# [Your instructions]
Starting at the line with "Woman in miniskirt vector", return every line through the final one of the data, word for word. Pictures stay out.

-------- Given data --------

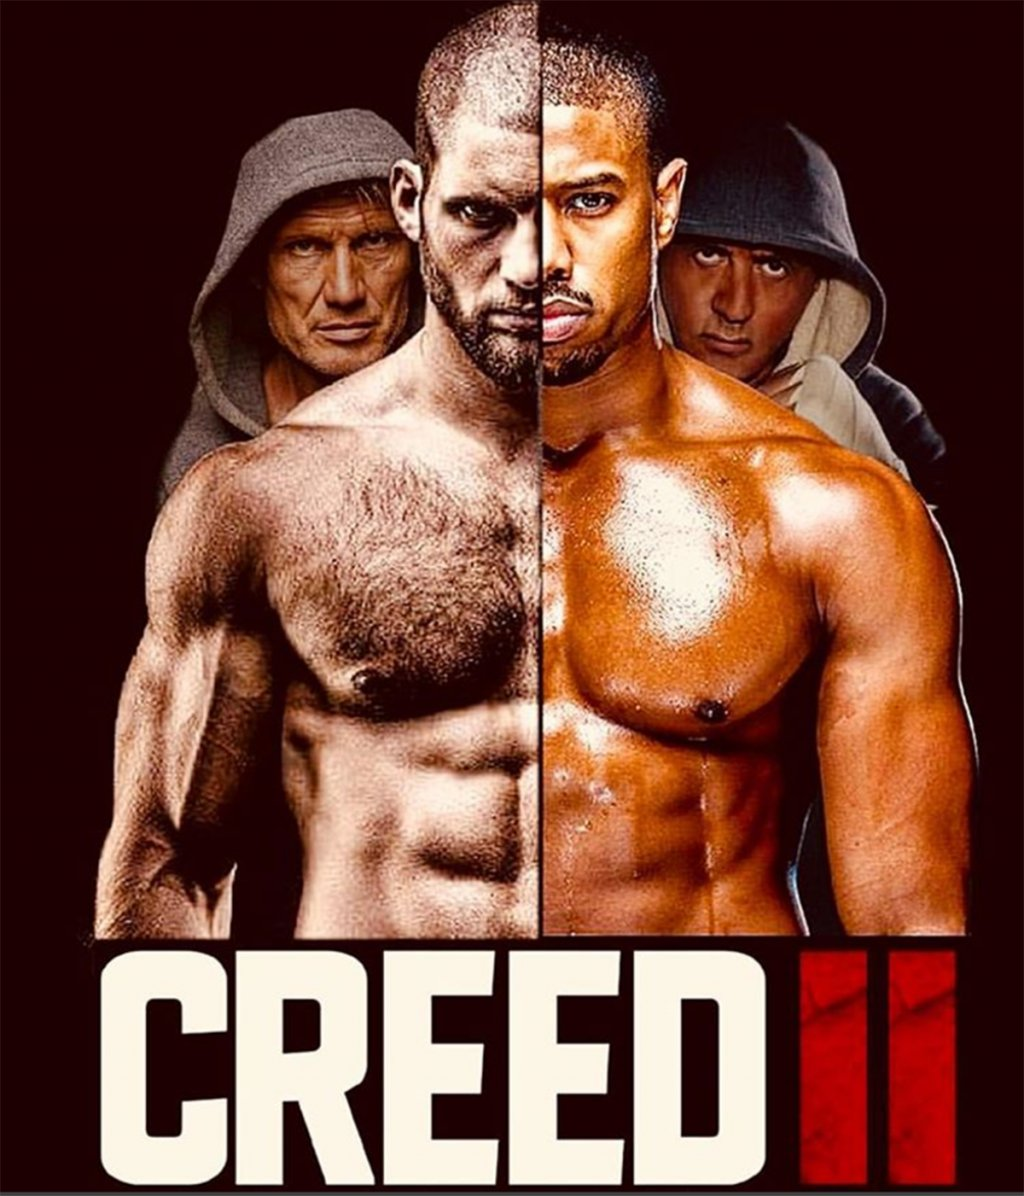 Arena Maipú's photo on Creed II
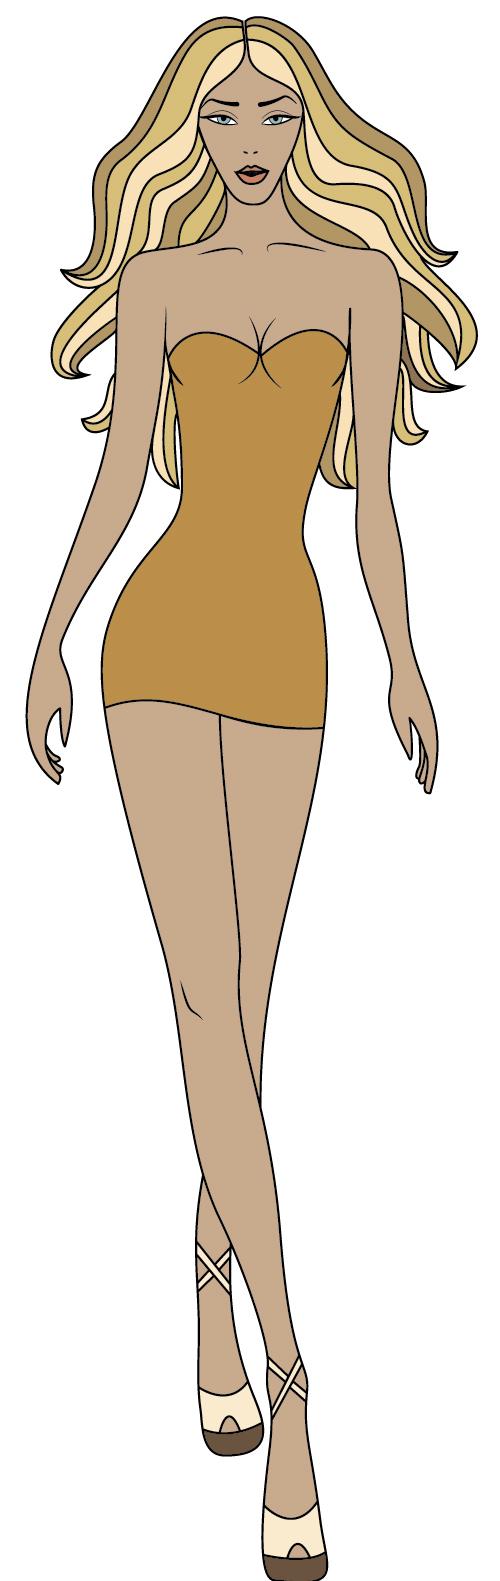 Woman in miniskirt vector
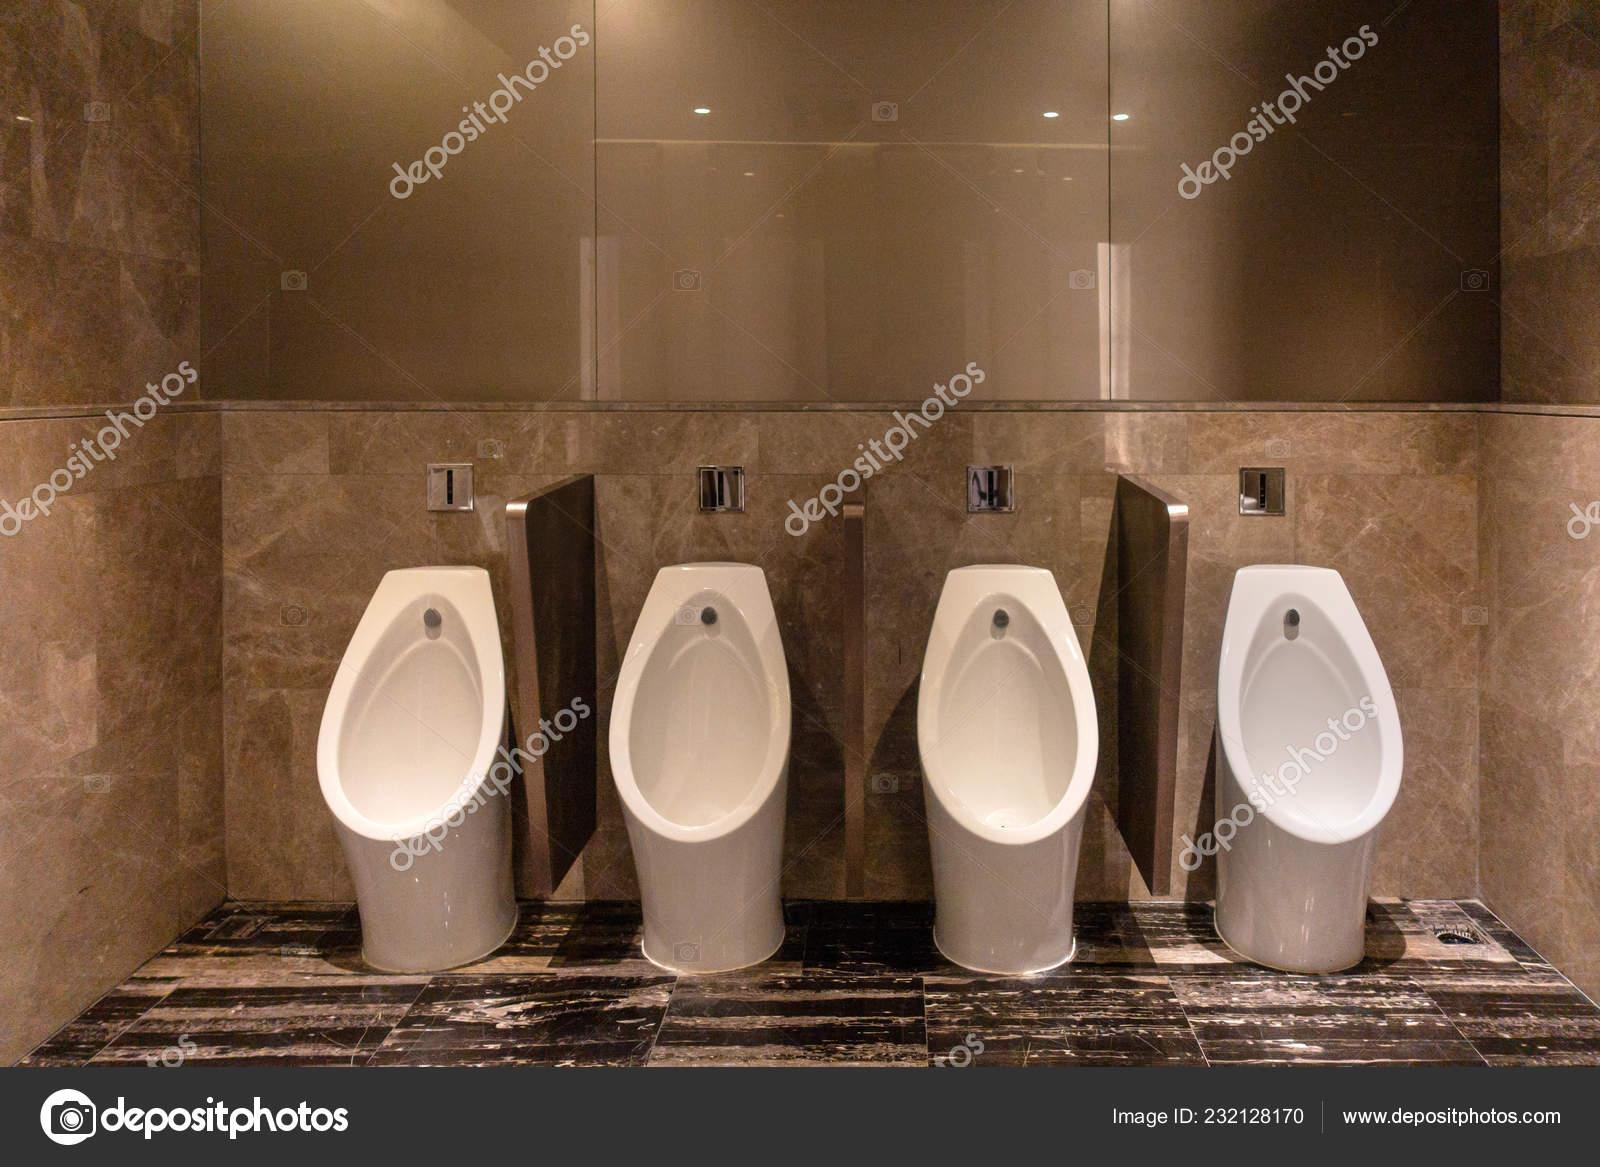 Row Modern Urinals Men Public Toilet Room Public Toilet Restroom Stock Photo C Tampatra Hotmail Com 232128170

--------

# [Reply to the task]
 Woman in miniskirt vector
 Row Modern Urinals Men Public Toilet Room Public Toilet Restroom Stock Photo C Tampatra Hotmail Com 232128170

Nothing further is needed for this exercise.